In hindsight, that’s not so very surprising, though. Given "%", the updated PSTR() macro expands to something like this:

PGM_P ptr;
asm volatile
(
  ".pushsection .progmem.data, \"SM\", @progbits, 1" "\n\t"
  "PSTR%=: .string \"%\""  /* oops! */               "\n\t"
  ".popsection"                                      "\n\t"
  "ldi %A0, lo8(PSTR%=)"                             "\n\t"
  "ldi %B0, hi8(PSTR%=)"                             "\n\t"
  : "=d" (ptr)
);

Can you see it? The %\" next to the .string directive looks a lot like those %A0 and %B0 and %= placeholders, except it doesn’t. It’s a good thing Darryl didn’t use a string like “£2×50%=£1”, or he’d have ended up with gibberish instead of a proper compiler error.

The good news is that GCC’s asm directive only attempts to interpret “%-codes” if any outputs are declared.

Of course, I do need outputs to get the string address out. But I can split the asm statement into two consecutive ones, the first one defining the string, the second one getting its address.

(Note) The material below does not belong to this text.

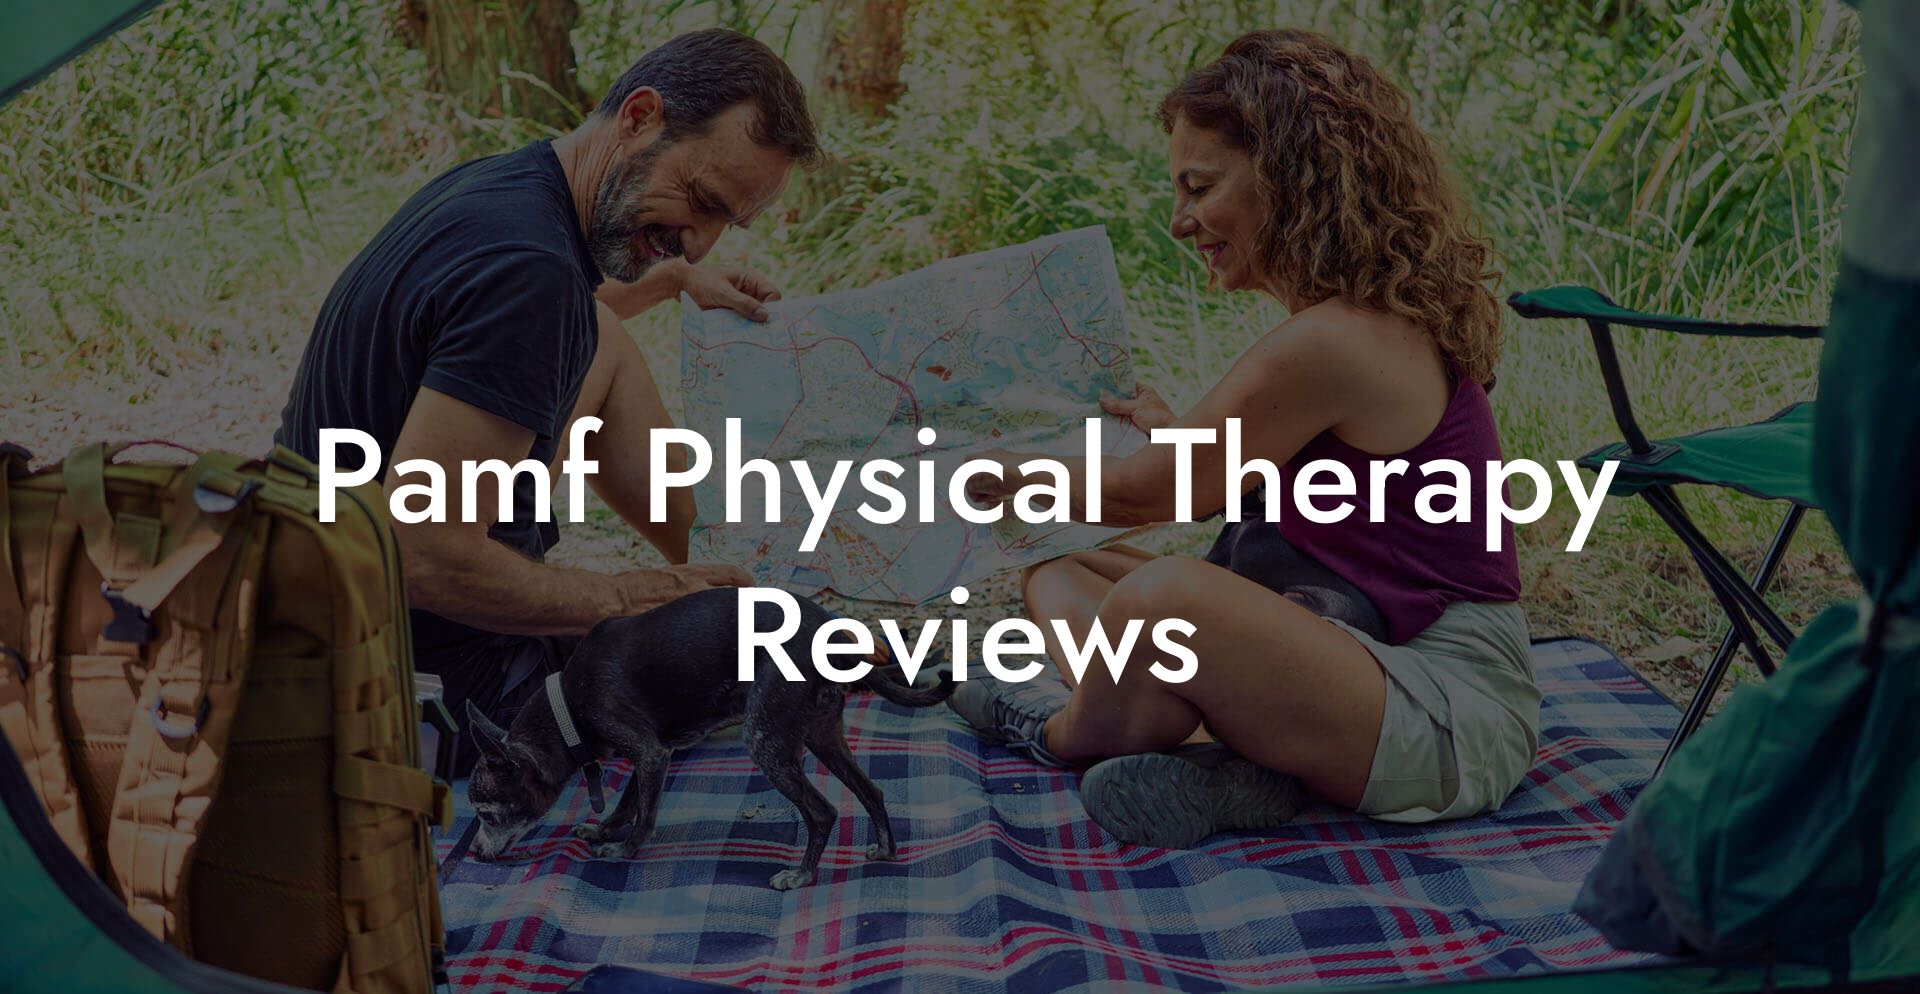 Pamf Physical Therapy Reviews

There’s a problem with that, too, though, because now I can’t use the %= construct to generate a unique label for the string. (And %= would resolve to different values in those two asm blocks anyway.) But fortunately, the assembler has a concept of local labels that seems to work even in my case.

Long story short, here’s an updated version that works even in the F("%") case:

#define PSTR(str) \
  (__extension__({ \
    PGM_P ptr;  \
    asm volatile \
    ( \
      ".pushsection .progmem.data, \"SM\", @progbits, 1" "\n\t" \
      "0: .string " #str                                 "\n\t" \
      ".popsection"                                      "\n\t" \
    ); \
    asm volatile \
    ( \
      "ldi %A0, lo8(0b)"                                 "\n\t" \
      "ldi %B0, hi8(0b)"                                 "\n\t" \
      : "=d" (ptr) \
    ); \
    ptr; \
  }))

Side note: I tested this with some statements like these:

Serial.print(F("%"));
Serial.print(F("%%"));
Serial.print(F("%%%"));

and it turns out the linker actually cleverly merges those three strings into each other. In the resulting ELF file, only “%%%” remains, and “%” and “%%” end up pointing into that string at the appropriate offset. Nice!